Del resto, è stato pro­prio Renzi che — in seguito agli scan­dali che hanno fatto emer­gere la faci­lità con cui i pri­vati pote­vano agire in piena discre­zio­na­lità e rubare cifre gigan­te­sche nella rea­liz­za­zione delle grandi opere — ha nomi­nato uno straor­di­na­rio magi­strato come Raf­faele Can­tone a capo della Civit, l’autorità nazio­nale anti­cor­ru­zione, e com­mis­sa­rio alla rea­liz­za­zione dell’Expo 2015. Il governo “com­mis­sa­ria” le grandi opere per rico­struire le regole e con lo Sblocca Ita­lia estende il modello discre­zio­nale a tutte le opere pub­bli­che. Non c’è chi non com­prenda la fol­lia di que­sta prospettiva.
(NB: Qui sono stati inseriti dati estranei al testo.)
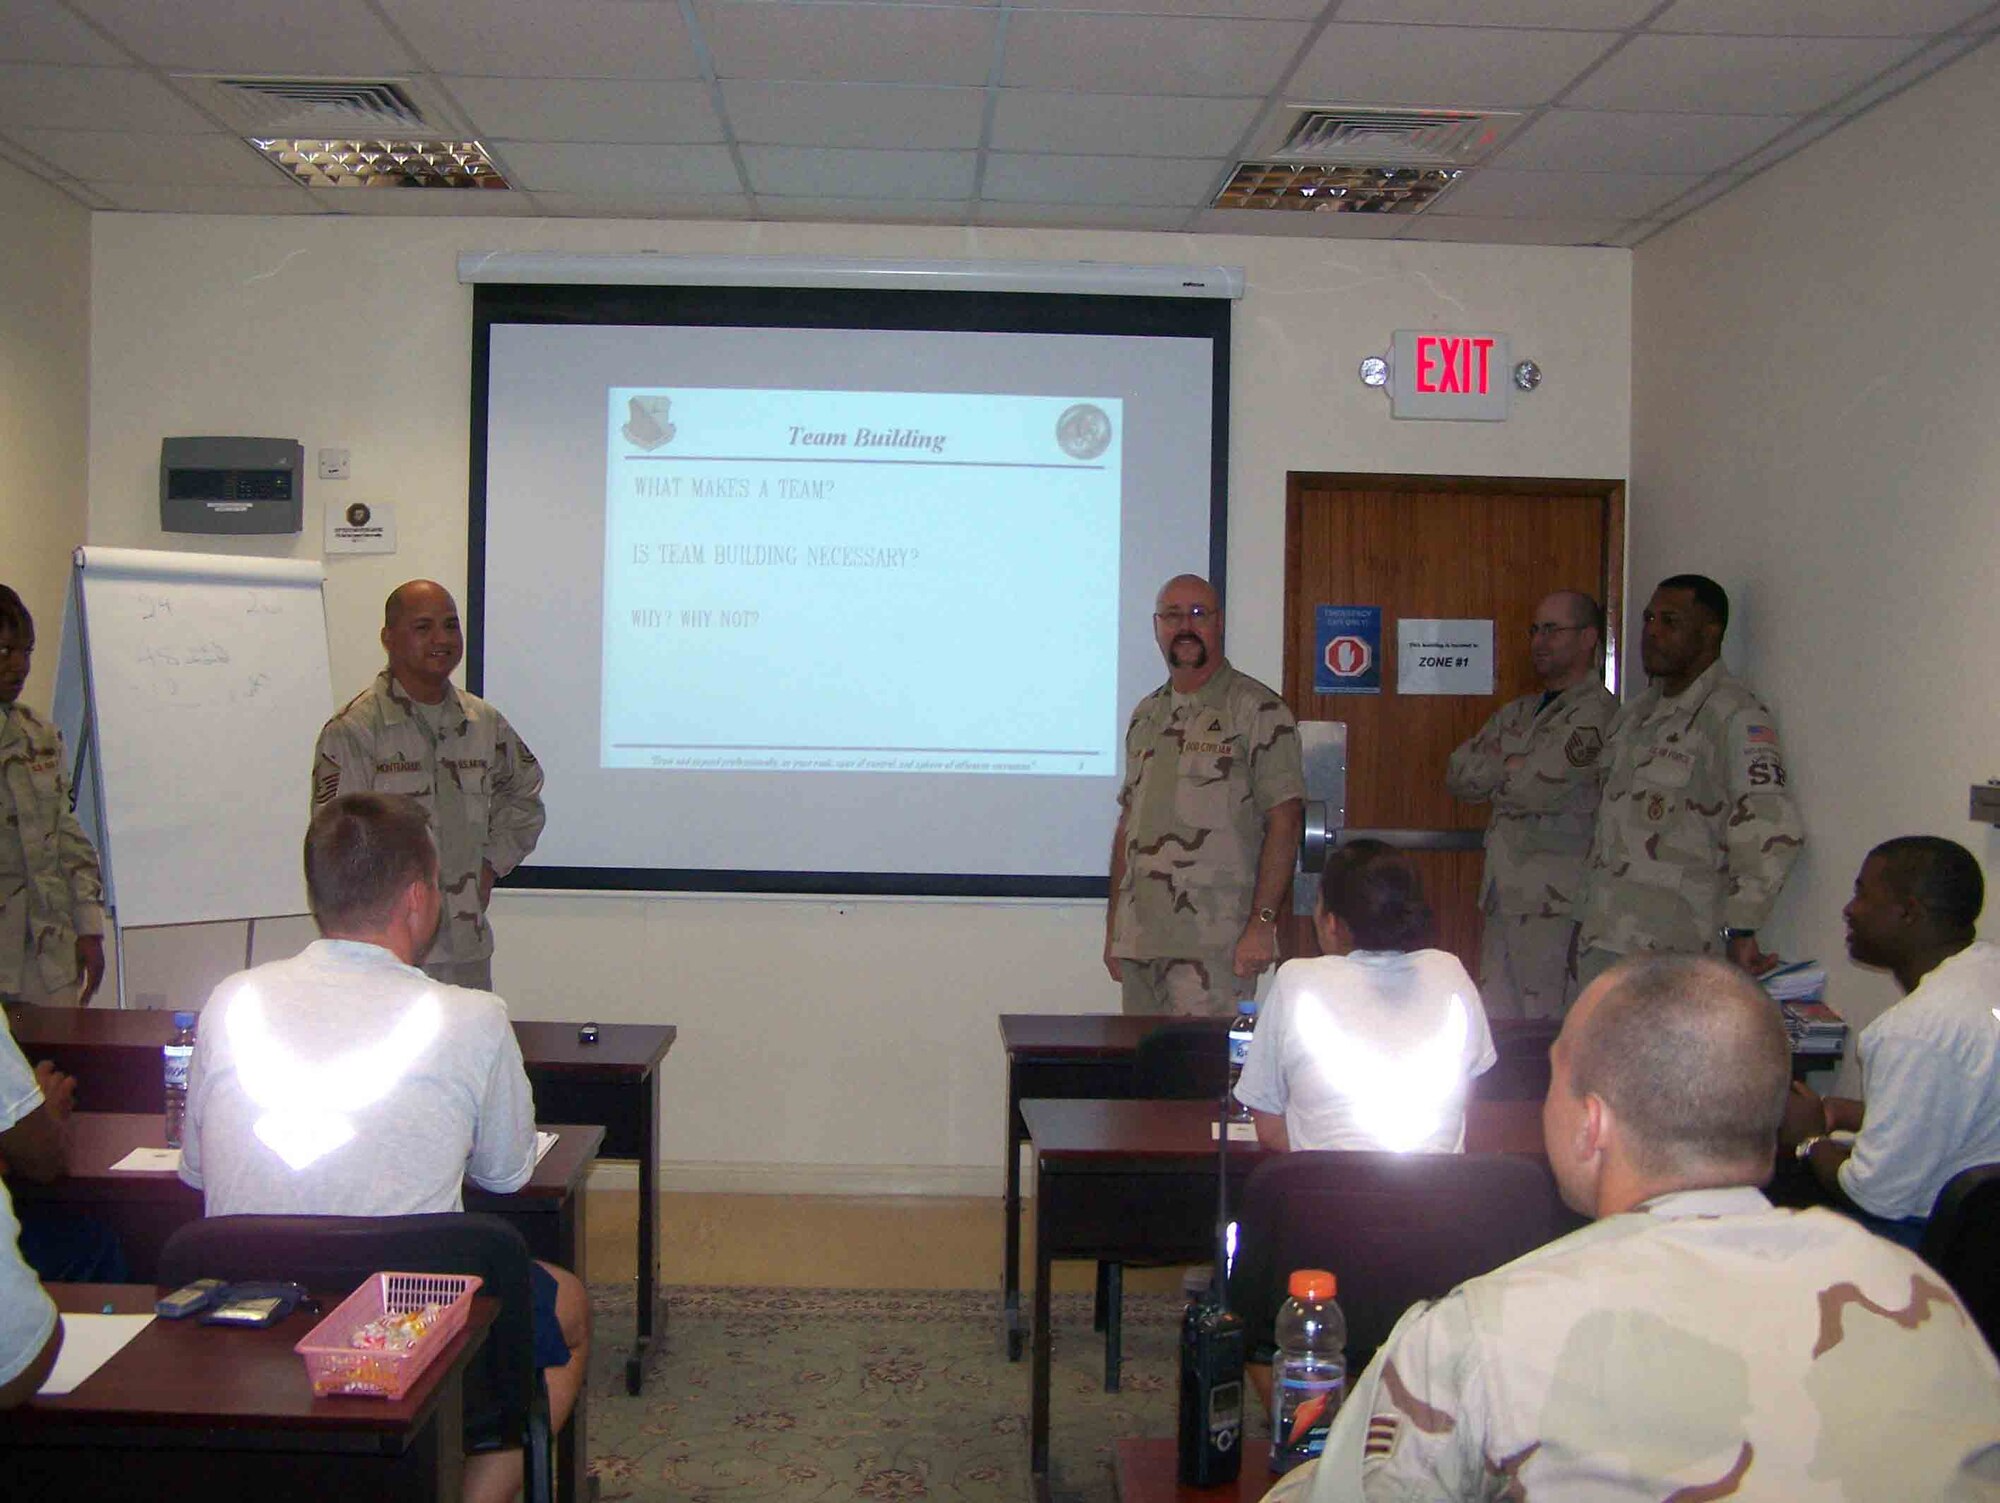 SOUTHWEST ASIA--379th Expeditionary Force Support Squadron Airman Readiness Center instructors, Master Sgt. Meril Monteagudo, left, and Barry Wilkinson give a team building brief to more than 10 servicemembers at the ARC classroom May 16. The ARC is one of its kind in the Air Forces Central area of responsibility.  It provides deployed servicemembers valuable resources to help with reintegration, financial management, leadership and other classes designed to help cope with deployments. (Courtesy photo)

La tra­ge­dia di Genova dimo­stra che lo Stato dovrebbe con­cen­trare tutte le risorse nell’opera di risa­na­mento idro­geo­lo­gico del paese. Dall’inizio del 2014 le grandi allu­vioni sono state 10, hanno cau­sato 11 morti e immense deva­sta­zioni. Se il governo avesse a cuore il destino dell’Italia dovrebbe cam­biare agenda e impie­gare tutte le intel­li­genze che abbiamo in campo tec­nico per l’immensa opera di risa­na­mento idrau­lico e geo­lo­gico di un paese che sta fra­nando sotto i colpi del cam­bia­mento climatico.

In que­sto campo, la fretta e la sem­pli­fi­ca­zione non sono le migliori con­si­gliere. Nel campo idro­geo­lo­gico è neces­sa­ria una visione di lungo periodo per rico­struire l’equilibrio del ter­ri­to­rio, così come era pre­vi­sto nella legge sulla difesa del suolo (183/89) che impo­neva di fare i piani di bacino idro­gra­fico in Ita­lia. È stata la poli­tica a non volerla attuare, la difesa del suolo è stata scon­fitta dai cemen­ti­fi­ca­tori e per que­sto le nostre città sono spaz­zate via dalla furia delle acque. Altro che burocrazia.

Franco Gabrielli, capo della pro­te­zione civile, cono­sce per il ruolo che svolge l’insostenibilità dello stato del ter­ri­to­rio: qual­che mese fa, dopo l’ennesima allu­vione, aveva azzar­dato l’ipotesi della mora­to­ria del cemento per rimet­tere in ordine l’ambiente. Se Renzi vuole dav­vero cam­biare verso al paese lo nomini mini­stro per la Cura del Ter­ri­to­rio e licenzi Mau­ri­zio Lupi, il con­vinto amico del cemento.

E infine le risorse. Per uscire dalla mise­ria dei 110 milioni pre­vi­sti nello sblocca Ita­lia (solo per ripa­rare i danni di Genova ne dovremo spen­dere 400) il primo mini­stro ha azzar­dato che uti­liz­zerà al più pre­sto i 2 miliardi per la difesa del ter­ri­to­rio non spesi «per colpa della buro­cra­zia». Non è vero, ma non fa nulla: per cam­biare verso stanzi dav­vero cifre pari a quelle che regala alle grandi opere. Con i 4 miliardi pre­vi­sti per i tanti inu­tili Mose, si potrebbe ripor­tare in pochi anni la sicu­rezza nel ter­ri­to­rio ita­liano. È l’ultima occa­sione per sal­vare l’Italia dal fango che la sta sommergendo.